▸ **Exercise**
Every line of the material below, from the top through the line with "DRAG QUEEN BLACK", should be reproduced exactly.

▸ **Input**

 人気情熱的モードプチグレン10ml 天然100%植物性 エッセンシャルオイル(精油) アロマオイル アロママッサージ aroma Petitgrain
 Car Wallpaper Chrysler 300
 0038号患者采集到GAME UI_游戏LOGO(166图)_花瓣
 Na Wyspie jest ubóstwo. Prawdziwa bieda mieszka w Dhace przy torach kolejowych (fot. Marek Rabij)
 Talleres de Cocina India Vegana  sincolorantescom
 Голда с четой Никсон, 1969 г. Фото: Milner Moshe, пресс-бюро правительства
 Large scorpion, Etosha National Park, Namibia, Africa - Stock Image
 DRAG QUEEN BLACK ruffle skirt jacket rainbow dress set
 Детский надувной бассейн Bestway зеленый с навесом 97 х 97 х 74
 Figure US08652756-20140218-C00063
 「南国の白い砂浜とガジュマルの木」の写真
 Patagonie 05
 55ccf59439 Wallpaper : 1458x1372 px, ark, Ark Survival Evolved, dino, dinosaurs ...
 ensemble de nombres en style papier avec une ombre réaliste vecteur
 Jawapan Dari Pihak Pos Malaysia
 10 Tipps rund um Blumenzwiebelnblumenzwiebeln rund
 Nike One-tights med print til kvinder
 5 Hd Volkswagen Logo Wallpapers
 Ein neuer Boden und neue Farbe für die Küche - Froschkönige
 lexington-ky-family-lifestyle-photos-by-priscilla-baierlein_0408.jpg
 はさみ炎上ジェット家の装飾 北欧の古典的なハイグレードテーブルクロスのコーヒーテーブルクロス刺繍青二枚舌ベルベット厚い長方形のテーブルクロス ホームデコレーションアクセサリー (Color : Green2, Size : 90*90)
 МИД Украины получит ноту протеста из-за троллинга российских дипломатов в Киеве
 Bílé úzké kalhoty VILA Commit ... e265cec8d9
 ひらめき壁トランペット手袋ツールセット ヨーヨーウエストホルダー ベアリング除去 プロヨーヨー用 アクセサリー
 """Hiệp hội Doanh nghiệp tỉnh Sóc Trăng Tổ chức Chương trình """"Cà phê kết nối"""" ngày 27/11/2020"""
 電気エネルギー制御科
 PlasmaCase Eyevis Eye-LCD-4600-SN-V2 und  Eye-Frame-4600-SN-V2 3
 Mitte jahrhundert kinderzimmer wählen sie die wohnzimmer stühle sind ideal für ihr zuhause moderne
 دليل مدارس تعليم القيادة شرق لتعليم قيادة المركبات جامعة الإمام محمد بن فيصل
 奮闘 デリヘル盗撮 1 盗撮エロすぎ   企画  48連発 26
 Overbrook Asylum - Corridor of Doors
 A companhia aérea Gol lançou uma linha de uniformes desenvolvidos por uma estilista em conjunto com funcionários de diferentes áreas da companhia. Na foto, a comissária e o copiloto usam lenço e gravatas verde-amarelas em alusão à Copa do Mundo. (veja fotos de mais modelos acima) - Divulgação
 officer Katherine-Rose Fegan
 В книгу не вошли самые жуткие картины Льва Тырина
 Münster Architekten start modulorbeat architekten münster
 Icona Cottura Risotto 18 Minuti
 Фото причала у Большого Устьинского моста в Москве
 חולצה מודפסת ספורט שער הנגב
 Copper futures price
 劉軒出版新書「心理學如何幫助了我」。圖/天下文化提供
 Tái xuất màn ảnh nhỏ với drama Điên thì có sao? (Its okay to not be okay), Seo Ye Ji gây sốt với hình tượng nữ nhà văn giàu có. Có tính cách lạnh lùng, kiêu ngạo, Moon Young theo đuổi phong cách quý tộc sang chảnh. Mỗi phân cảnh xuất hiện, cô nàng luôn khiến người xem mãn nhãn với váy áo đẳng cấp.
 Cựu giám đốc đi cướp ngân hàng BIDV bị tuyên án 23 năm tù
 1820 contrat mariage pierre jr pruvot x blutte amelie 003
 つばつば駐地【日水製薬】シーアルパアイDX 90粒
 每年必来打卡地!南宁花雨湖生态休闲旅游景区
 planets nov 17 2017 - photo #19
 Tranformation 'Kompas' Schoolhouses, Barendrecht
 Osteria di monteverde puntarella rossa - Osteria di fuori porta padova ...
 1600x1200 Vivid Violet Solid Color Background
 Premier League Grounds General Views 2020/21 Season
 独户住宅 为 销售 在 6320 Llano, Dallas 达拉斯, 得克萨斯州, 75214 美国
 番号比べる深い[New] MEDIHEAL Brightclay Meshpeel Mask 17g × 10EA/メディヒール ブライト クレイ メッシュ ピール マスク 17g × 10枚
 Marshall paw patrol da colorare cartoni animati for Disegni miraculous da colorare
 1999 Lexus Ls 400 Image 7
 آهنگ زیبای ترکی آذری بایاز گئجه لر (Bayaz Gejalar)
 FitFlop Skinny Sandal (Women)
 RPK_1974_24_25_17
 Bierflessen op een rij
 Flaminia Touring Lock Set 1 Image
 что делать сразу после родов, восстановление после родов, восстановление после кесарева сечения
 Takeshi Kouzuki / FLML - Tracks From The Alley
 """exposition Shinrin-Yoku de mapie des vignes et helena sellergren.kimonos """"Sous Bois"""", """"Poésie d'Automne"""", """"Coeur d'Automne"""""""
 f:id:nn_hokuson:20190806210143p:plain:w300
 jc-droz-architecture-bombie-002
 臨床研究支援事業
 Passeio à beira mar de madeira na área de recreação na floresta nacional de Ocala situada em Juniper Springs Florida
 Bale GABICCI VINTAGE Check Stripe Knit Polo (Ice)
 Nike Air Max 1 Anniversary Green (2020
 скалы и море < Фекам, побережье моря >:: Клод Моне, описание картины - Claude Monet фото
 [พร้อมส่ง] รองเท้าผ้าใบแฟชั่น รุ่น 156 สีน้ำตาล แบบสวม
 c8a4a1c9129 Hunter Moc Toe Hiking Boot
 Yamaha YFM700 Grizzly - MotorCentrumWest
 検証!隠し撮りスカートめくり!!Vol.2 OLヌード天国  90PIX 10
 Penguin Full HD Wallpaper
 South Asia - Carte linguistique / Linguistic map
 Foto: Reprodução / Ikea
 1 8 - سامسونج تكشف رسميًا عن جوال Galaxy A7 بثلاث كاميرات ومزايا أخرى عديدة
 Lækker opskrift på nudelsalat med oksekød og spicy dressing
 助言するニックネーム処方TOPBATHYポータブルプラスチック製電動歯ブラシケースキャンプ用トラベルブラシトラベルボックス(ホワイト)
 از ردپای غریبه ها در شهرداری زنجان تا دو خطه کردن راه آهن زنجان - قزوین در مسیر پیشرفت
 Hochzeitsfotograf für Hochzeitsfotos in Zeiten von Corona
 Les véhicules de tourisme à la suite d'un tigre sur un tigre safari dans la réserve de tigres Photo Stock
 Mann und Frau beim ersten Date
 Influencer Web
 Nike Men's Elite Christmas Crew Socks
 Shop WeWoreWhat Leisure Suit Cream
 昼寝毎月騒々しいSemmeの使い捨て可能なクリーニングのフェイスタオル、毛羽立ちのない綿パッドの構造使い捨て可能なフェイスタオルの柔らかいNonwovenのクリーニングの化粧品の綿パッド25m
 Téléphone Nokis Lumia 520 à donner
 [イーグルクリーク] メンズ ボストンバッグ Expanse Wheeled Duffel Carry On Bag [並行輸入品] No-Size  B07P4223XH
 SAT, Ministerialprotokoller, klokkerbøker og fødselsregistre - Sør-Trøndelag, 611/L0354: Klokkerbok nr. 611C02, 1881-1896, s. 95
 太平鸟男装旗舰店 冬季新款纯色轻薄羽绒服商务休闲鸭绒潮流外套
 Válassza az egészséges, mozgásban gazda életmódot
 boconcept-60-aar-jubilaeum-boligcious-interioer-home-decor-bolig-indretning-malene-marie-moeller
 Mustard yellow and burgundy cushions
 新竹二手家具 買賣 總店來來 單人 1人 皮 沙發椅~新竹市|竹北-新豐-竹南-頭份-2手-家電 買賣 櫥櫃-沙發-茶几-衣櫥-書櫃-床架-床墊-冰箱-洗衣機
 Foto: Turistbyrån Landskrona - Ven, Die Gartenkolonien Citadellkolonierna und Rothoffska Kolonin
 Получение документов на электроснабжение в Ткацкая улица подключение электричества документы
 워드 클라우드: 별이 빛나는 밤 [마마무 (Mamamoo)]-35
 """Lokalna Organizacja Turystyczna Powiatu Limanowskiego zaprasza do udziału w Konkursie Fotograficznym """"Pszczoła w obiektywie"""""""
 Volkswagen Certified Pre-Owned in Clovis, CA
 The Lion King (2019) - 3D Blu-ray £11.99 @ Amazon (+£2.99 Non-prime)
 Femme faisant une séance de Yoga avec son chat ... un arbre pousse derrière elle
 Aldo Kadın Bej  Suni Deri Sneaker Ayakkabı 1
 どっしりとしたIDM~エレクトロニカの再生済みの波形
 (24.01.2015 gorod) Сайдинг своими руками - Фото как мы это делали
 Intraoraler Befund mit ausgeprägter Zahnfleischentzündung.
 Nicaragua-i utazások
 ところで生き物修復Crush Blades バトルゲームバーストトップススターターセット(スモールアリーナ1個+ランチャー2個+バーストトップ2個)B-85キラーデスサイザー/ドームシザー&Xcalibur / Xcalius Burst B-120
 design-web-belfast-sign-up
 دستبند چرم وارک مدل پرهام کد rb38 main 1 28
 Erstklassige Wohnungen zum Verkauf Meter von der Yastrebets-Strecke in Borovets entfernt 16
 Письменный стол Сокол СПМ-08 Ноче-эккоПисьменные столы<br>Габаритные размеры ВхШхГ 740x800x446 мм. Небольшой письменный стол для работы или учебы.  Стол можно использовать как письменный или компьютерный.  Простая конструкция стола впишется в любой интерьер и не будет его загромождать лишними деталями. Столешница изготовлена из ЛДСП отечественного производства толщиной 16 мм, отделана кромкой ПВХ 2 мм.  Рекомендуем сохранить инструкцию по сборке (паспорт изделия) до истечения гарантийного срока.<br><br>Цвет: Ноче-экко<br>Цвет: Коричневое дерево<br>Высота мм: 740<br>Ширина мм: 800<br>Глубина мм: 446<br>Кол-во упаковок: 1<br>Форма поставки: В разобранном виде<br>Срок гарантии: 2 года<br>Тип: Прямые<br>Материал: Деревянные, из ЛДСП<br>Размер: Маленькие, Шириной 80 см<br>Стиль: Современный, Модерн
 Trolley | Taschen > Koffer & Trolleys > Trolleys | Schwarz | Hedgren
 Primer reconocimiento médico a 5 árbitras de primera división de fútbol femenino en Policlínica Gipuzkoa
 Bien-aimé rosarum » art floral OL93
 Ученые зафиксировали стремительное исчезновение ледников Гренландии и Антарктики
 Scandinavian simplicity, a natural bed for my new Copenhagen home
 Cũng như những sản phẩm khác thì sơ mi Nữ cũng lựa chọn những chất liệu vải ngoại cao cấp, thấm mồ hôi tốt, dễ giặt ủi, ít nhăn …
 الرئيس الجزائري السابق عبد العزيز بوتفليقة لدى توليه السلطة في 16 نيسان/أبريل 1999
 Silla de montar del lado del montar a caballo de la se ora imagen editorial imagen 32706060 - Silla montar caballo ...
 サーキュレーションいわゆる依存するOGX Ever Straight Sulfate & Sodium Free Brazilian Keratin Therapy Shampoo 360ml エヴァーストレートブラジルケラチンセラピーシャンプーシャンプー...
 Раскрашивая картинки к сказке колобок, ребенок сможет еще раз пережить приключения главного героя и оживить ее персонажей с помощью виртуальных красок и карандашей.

▸ **Solution below**
 人気情熱的モードプチグレン10ml 天然100%植物性 エッセンシャルオイル(精油) アロマオイル アロママッサージ aroma Petitgrain
 Car Wallpaper Chrysler 300
 0038号患者采集到GAME UI_游戏LOGO(166图)_花瓣
 Na Wyspie jest ubóstwo. Prawdziwa bieda mieszka w Dhace przy torach kolejowych (fot. Marek Rabij)
 Talleres de Cocina India Vegana  sincolorantescom
 Голда с четой Никсон, 1969 г. Фото: Milner Moshe, пресс-бюро правительства
 Large scorpion, Etosha National Park, Namibia, Africa - Stock Image
 DRAG QUEEN BLACK ruffle skirt jacket rainbow dress set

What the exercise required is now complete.